Diese gepaarten Balken bewegen sich nahe beieinander. Wenn beide Paare in der Probe durch das gleiche Material gegangen sind, dann kollidieren sie nicht miteinander, wenn sie durch das zweite Prisma rekombiniert werden, und erscheinen daher grau. An einer Kante einer Struktur verläuft jedoch ein Balken der Birne durch ein anderes Material als sein Partner und wird verändert.
Wenn diese Strahlen durch das zweite Prisma rekombiniert werden, interferieren sie entweder konstruktiv und erzeugen einen hellen Fleck oder destruktiv einen dunklen Fleck. Hier ist ein Blick auf Kieselalgen unter DIC-Kontrast. Sie werden feststellen, dass feine Details der Kieselalgenstruktur gut sichtbar sind.
Wird jedoch die DIC-Optik entfernt, verschwinden diese Details. Der Kontrast über das Exemplar ist auf der einen Seite hell und auf der anderen dunkler. Das erweckt den Eindruck von Topographie, ist aber in Wirklichkeit eine Illusion.
Die Richtung des Schattenwurfeffekts kann umgekehrt werden, indem der Polarisator um einen Kreuzungspunkt auf den entgegengesetzten Kontrast gedreht wird. Wir haben gerade die optischen Modi Phasenkontrast und DIC besprochen. Zur Erinnerung: Die Eliminierung des Phasenkontrasts verbessert die kontrastierenden Proben von Schwarz zu Weiß und ist nützlich für die Betrachtung von Exemplaren, die sowohl farblos als auch transparent sind.

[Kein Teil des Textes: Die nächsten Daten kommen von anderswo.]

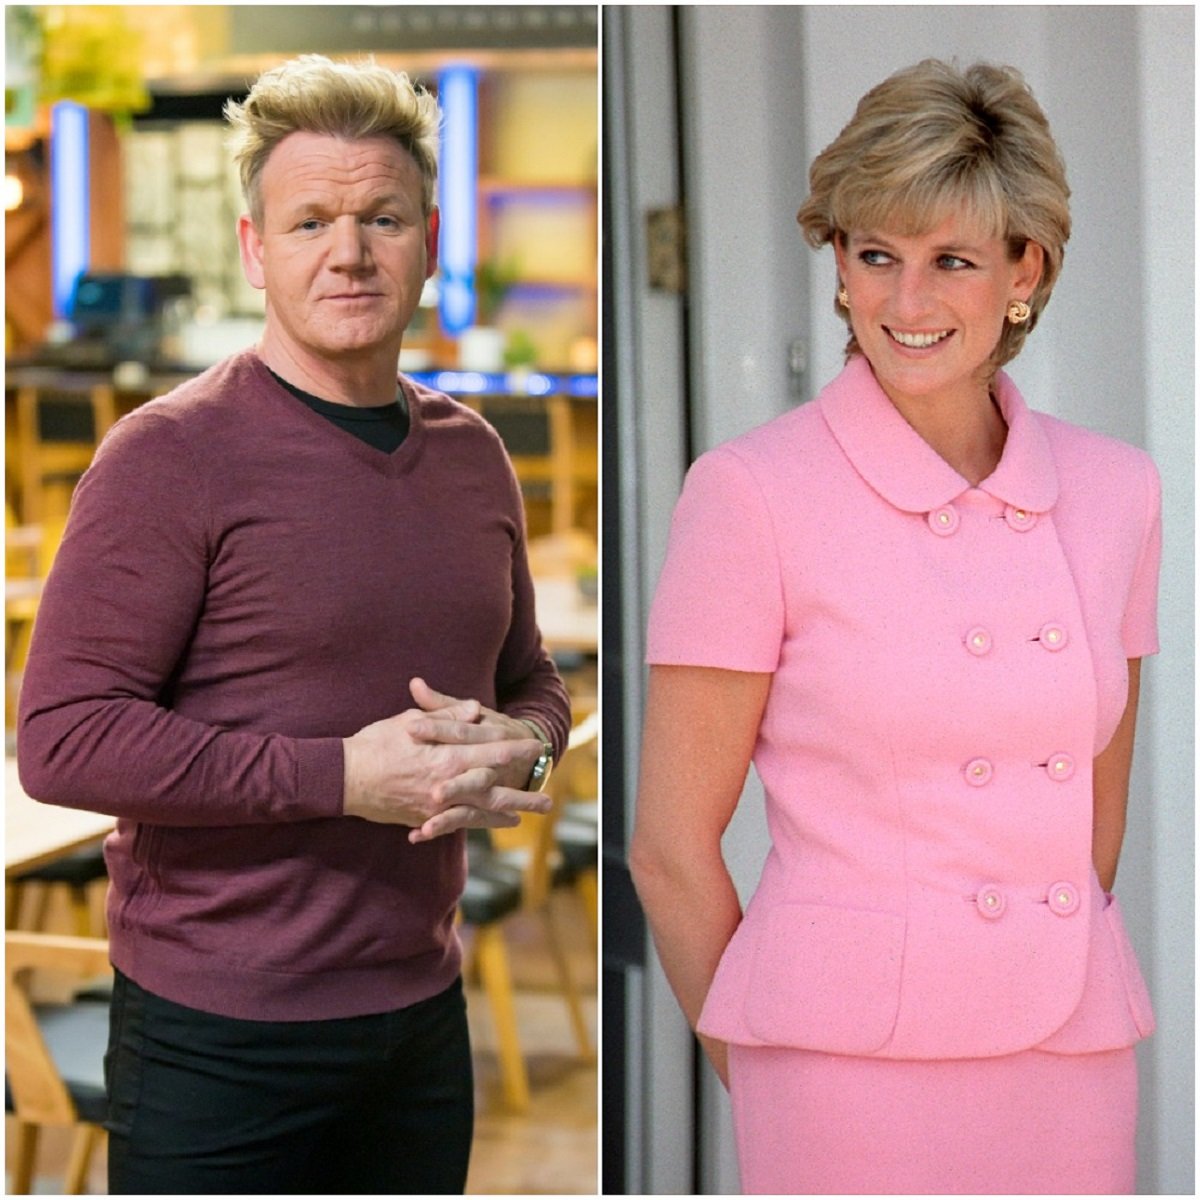 (L) Gordon Ramsay in the finale episode of '24 Hours to Hell and Back', (R) Princess Diana wearing a pick outfit in Argentina

DIC erzeugt auch Kontrast in der Probe. Dies geschieht durch die Erstellung eines hochauflösenden Bildes eines dünnen optischen Schnitts. Das war's also.
Vielen Dank fürs Zuschauen und viel Erfolg bei Ihrer Mikroskopie.
Dieses Protokoll hebt die Prinzipien und praktischen Anwendungen der Phasen- und Differentialinterferenzkontrastmikroskopie (DIC) hervor. Diese Techniken verbessern die Visualisierung transparenter und farbloser biologischer Proben und machen sie zu wesentlichen Werkzeugen in der biomedizinischen Forschung.
Phase contrast and DIC microscopy enable visualization of transparent, non-light-absorbing biological specimens, supporting early discovery workflows where label-free imaging is required. These techniques provide mechanistic de-risking by revealing structural details and functional morphology in live cells and tissues without fixation or staining. Their integration into discovery pipelines improves target validation confidence by allowing direct observation of phenotypic responses and cellular architecture under near-physiological conditions.
Phase contrast and DIC microscopy function as enabling technologies in the discovery continuum, supporting hypothesis testing in early biology, assay readiness in screening, and morphological analysis in translational research.